The main responsibility of the Senior Manager, Quality Control Biochemistry is to lead activities associated with establishing the testing capabilities of the drug substance manufactured at Biogen’s new large scale manufacturing facility in Solothurn, Switzerland facility.  The Biochemistry senior manager will be accountable for the instrumentation associated with all testing within their areas of responsibilities, including assurance of proper IQ /OQ / PQ in alignment with Biogen’s Global standards.  Testing at the site is anticipated to include analyses such as icIEF, SEC, SoloVPE, CE-SDS, LC/MS, Binding Analyses along with traditional compendia based analyses for pH, Appearance and Osmolality. All instruments will be interfaced to the LIMS (LABWARE) system employing full electronic lab notebook enabling all data are managed electronically with no manual data transfers.

The QC Biochemistry Senior Manager will have an initial responsibility to ensure the labs, the equipment and the test methods are ready for routine operation.  To accomplish this task the QC senior manager will have to work closely with the capital project team for laboratory realization and equipment purchase and with the Global Quality team to ensure the analytical methods are transferred and made ready for execution in a compliant manner.  The Solothurn facility design includes working in-process (WIP) labs specific to process unit operations embedded within the manufacturing environment.  It will be the expectation that analytical methods executed in these WIP laboratories are owned by the Quality department; therefore the Biochemistry senior manager will have oversight and accountability for these equipment and assays.  The planned future state of the facility in Solothurn includes the use of multivariate models to predict product quality attributes and drive batch release decisions (consistency models).  The Biochemistry senior manager will have oversight for the daily monitoring and response approaches for model anomalies and prioritization of model updates for the site.

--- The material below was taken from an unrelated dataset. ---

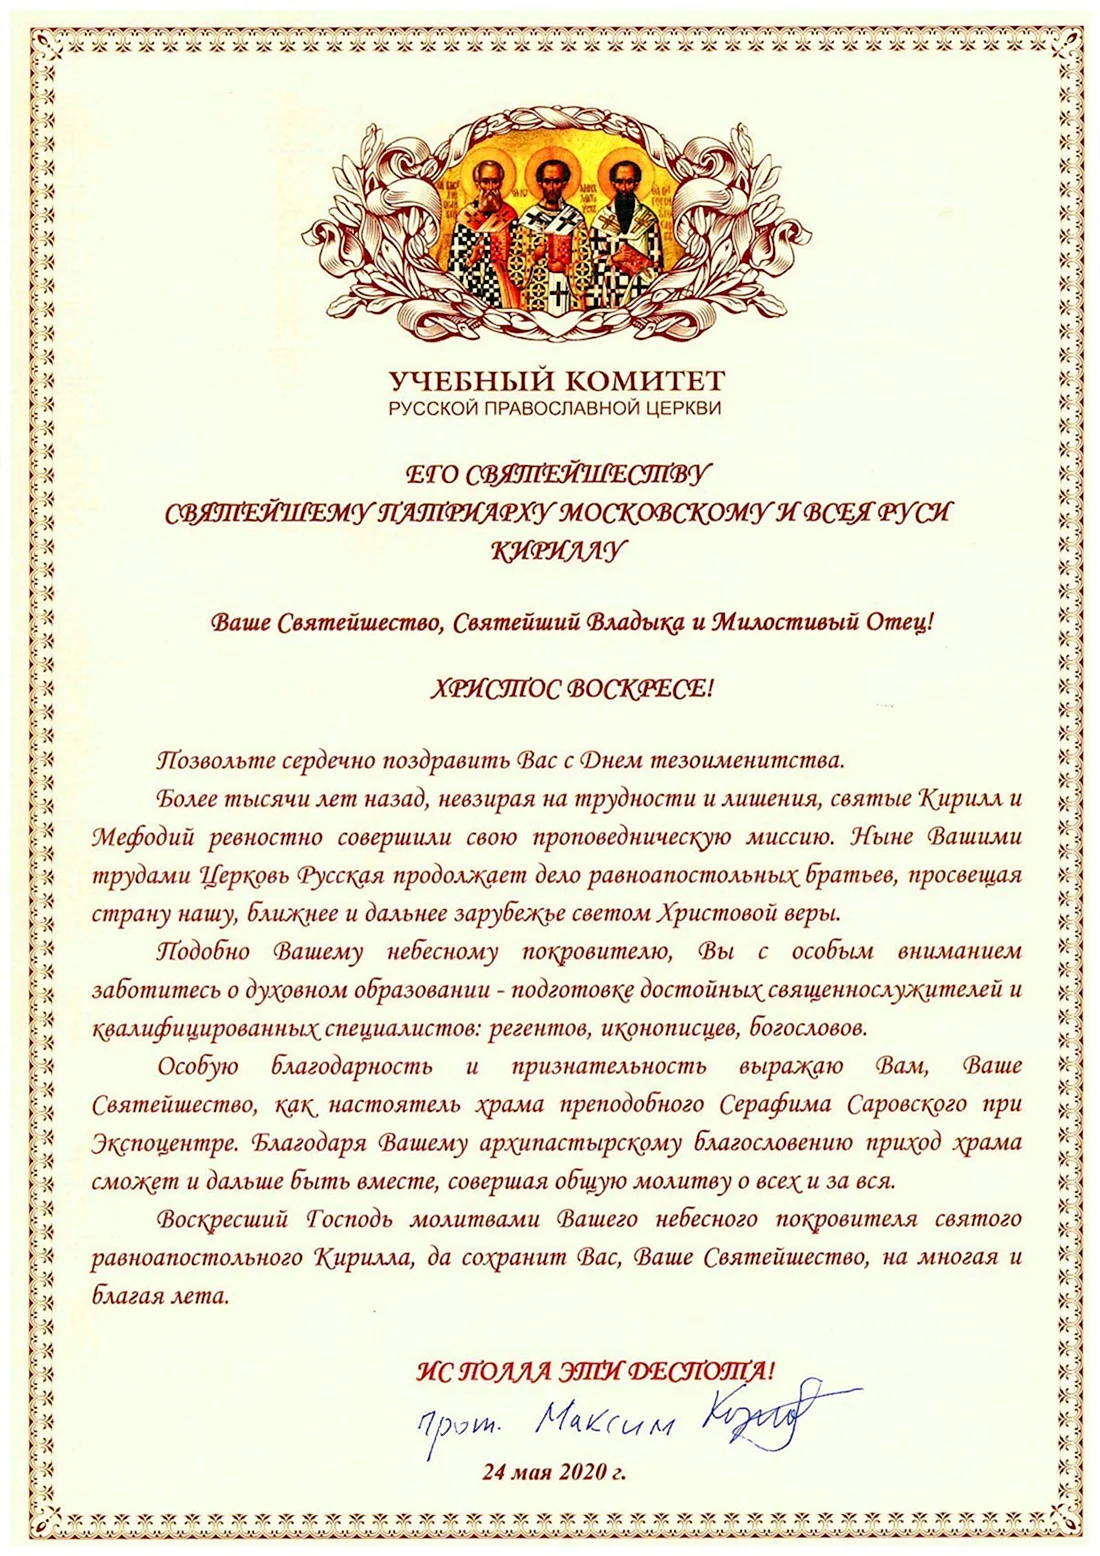 Поздравление с днем тезоименитства Патриарха Кирилла

The Quality organization at the new Solothurn site is envisioned to be supported by team members with diverse backgrounds that are capable of cross functional work to support the high throughput design of the facility.  As the site moves through the design phase into operational readiness, Quality staff will be focused on incorporating a new operations strategy into the quality management systems, lab systems and business systems.  The operational strategy depends heavily on the incorporation of online real-time monitoring, automation of routine testing wherever possible and integrated information technology systems to bring transparency to routine business operations.  As such, experience with electronic batch records and integrated sampling plans are not requirements for the position, but would benefit the organization.

Accountability Description

1. Prepare the chemistry / biochemistry labs for routine operations from construction through process validation/PPQ runs.  Hire, lead and manage supporting lab staff.

2. Support method transfer activities from existing Biogen sites to Solothurn.  Ensure the site is prepared for routine testing and operations.  Manage day to day operations within the Central and WIP labs.

3.  Author, review and approve complex GMP documentation (Plans, protocols, procedures, specifications, CAPAs, deviations, etc.) requiring the ability to grasp and apply regulatory and compliance knowledge from multiple markets/agencies

4. Drive activities at the Solothurn site to adhere to the construction or operational schedule

5. Support execution of analytical capability strategy.  Work cross functionally to support purchasing, receipt, IQ/OQ/PQ of analytical equipment for the Solothurn site.         

6. Serve as a Quality team member representative during construction to address schedule and tactical aspects of project execution.

• Bachelor’s degree in Chemistry, Biology, Biochemistry or related Life Science or Technical discipline
• Approximately 10 plus years of experience in pharmaceutical or biotech manufacturing environment. 
• Prior experience within a GMP Quality Control function and at least 3 years of experience within personnel or project management experience is preferred.